High CPU usage of tracker-miner-fs (3.0) in `notify_roots_finished()`
Recently I tried configuring my external HD for indexing, and to my surprise this already works.
After unplugging and replugging the HD I spotted tracker-miner-fs-3
burning a lot of CPU, so decided to investigate.
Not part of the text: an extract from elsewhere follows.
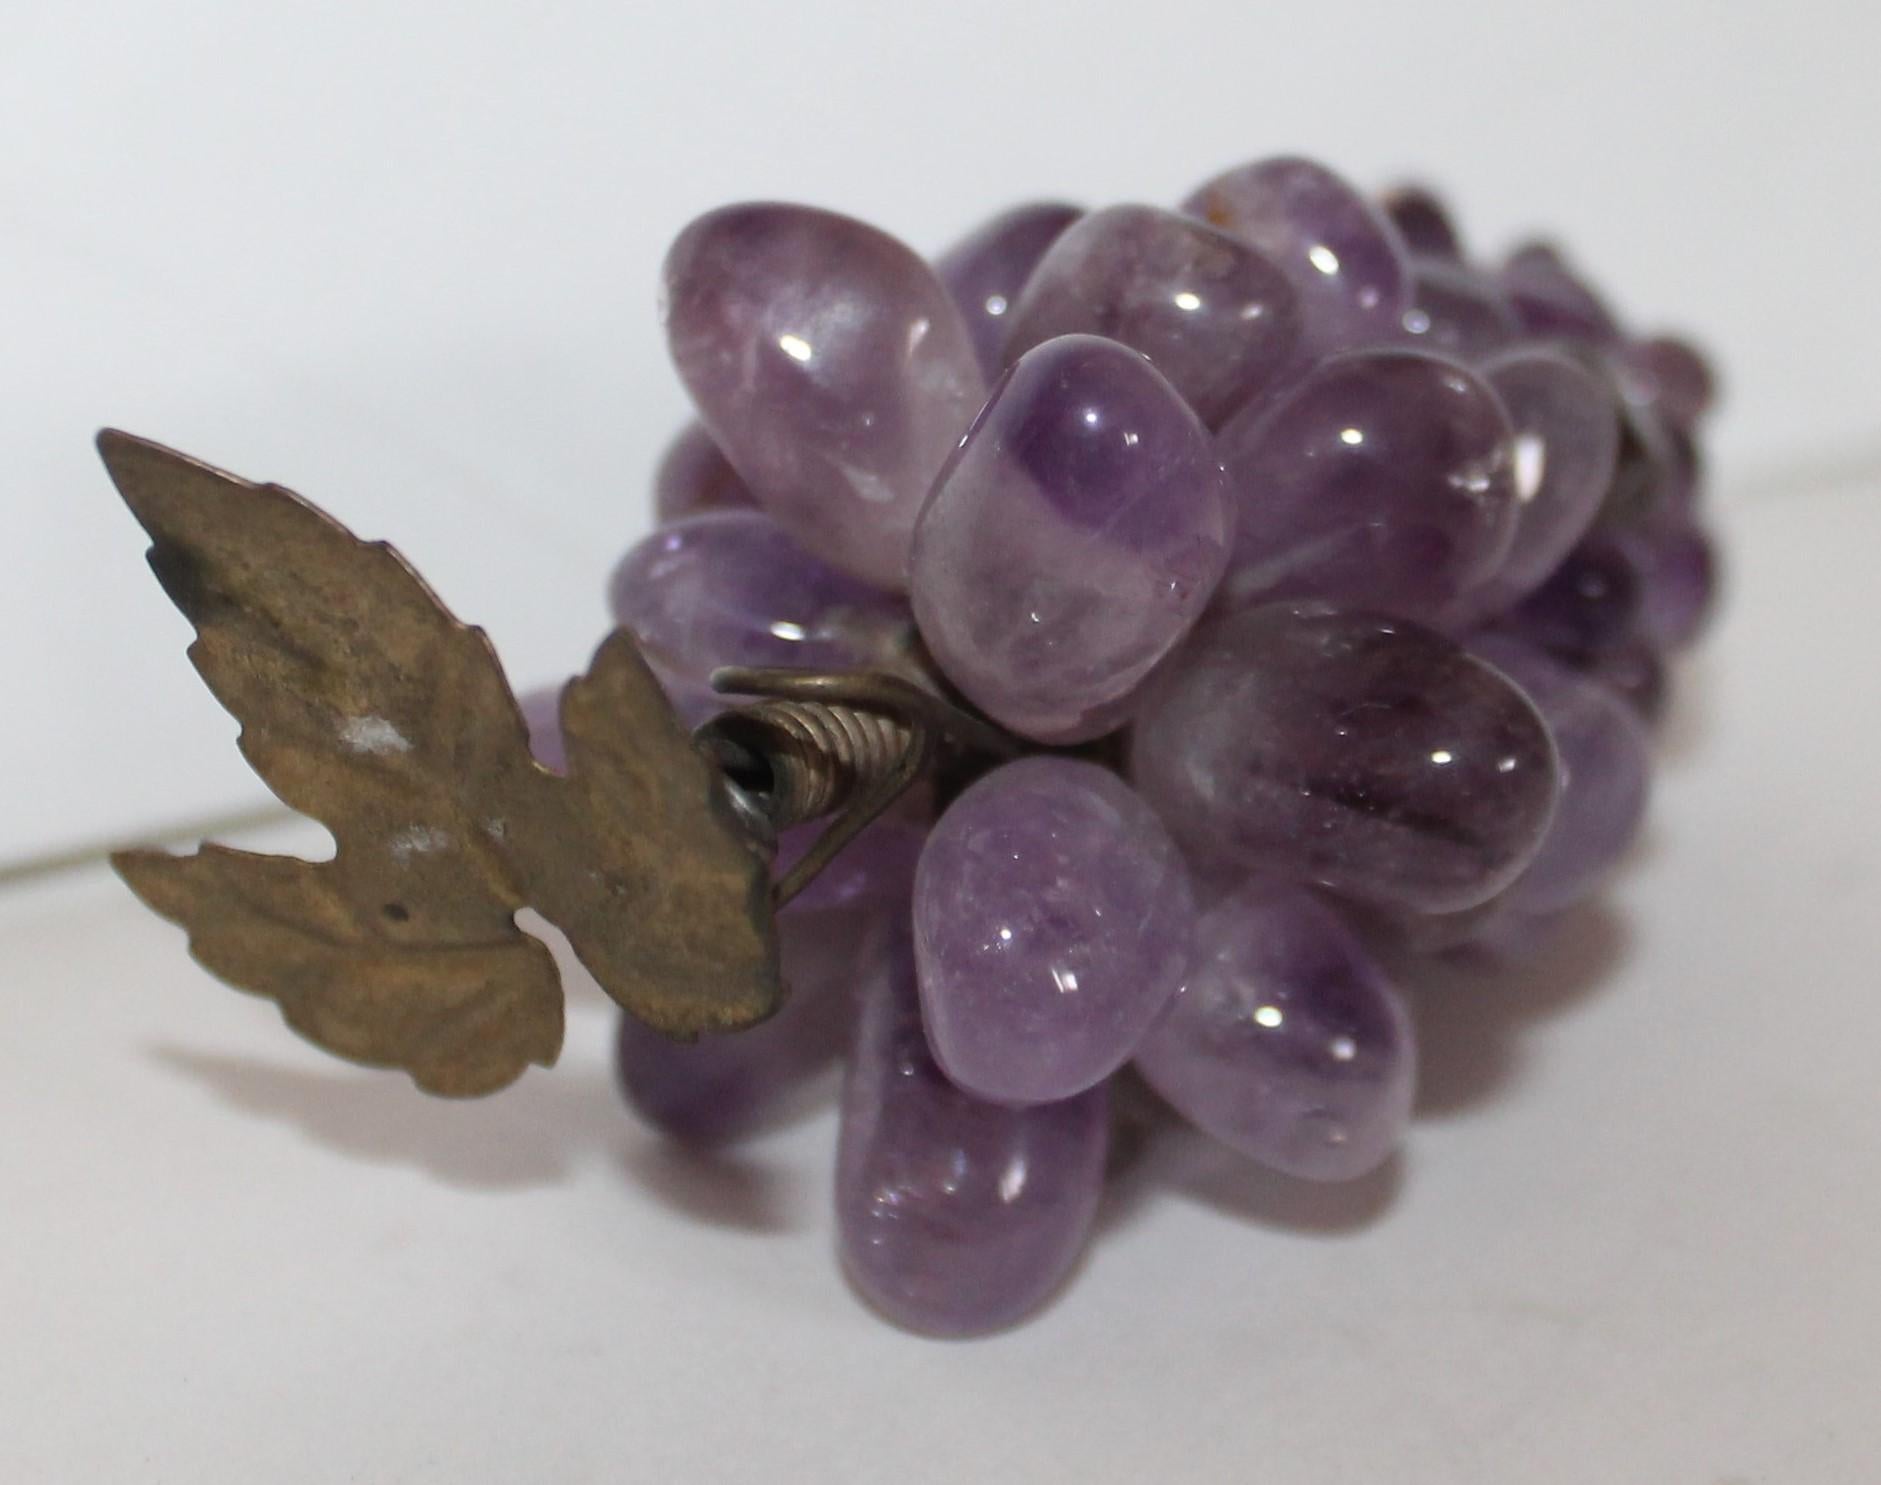 These Italian amethyst mini stone grapes that are wired together and little mini leafs attached. The condition is very good.

The folder enqueued for indexing has 3298 subfolders. t-m-fs seems to be doing this:
- miner_handle_next_item()
- -> item_queue_get_next_file()
- -> -> tracker_file_notifier_is_active() -> returns TRUE (there are ~60 dirs in
priv->pending_index_roots
) - -> item_queue_get_next_file() returns FALSE
- -> -> tracker_sparql_buffer_flush() -> priv->tasks is empty
- -> -> notify_roots_finished()
The CPU bottleneck appears to be in notify_roots_finished()
.
(gdb) call g_hash_table_size(fs->priv->roots_to_notify)
$23 = 2245
We iterate through all 2245 items in the hash table, and since check_queues
is TRUE we call tracker_priority_queue_find()
for each one.
(gdb) p (fs->priv->items)->queue->length
$27 = 30134
...so the tracker_priority_queue_find()
call there is likely what's triggering the high CPU usage, iterating a 30k item linked list 2245 times.
The crawl is ongoing, and each call to file_notifier_directory_finished()
grows the roots_to_notify
hash table, so this is a rather pathological case.
This is happening with 3.0.1, I will re-test with master.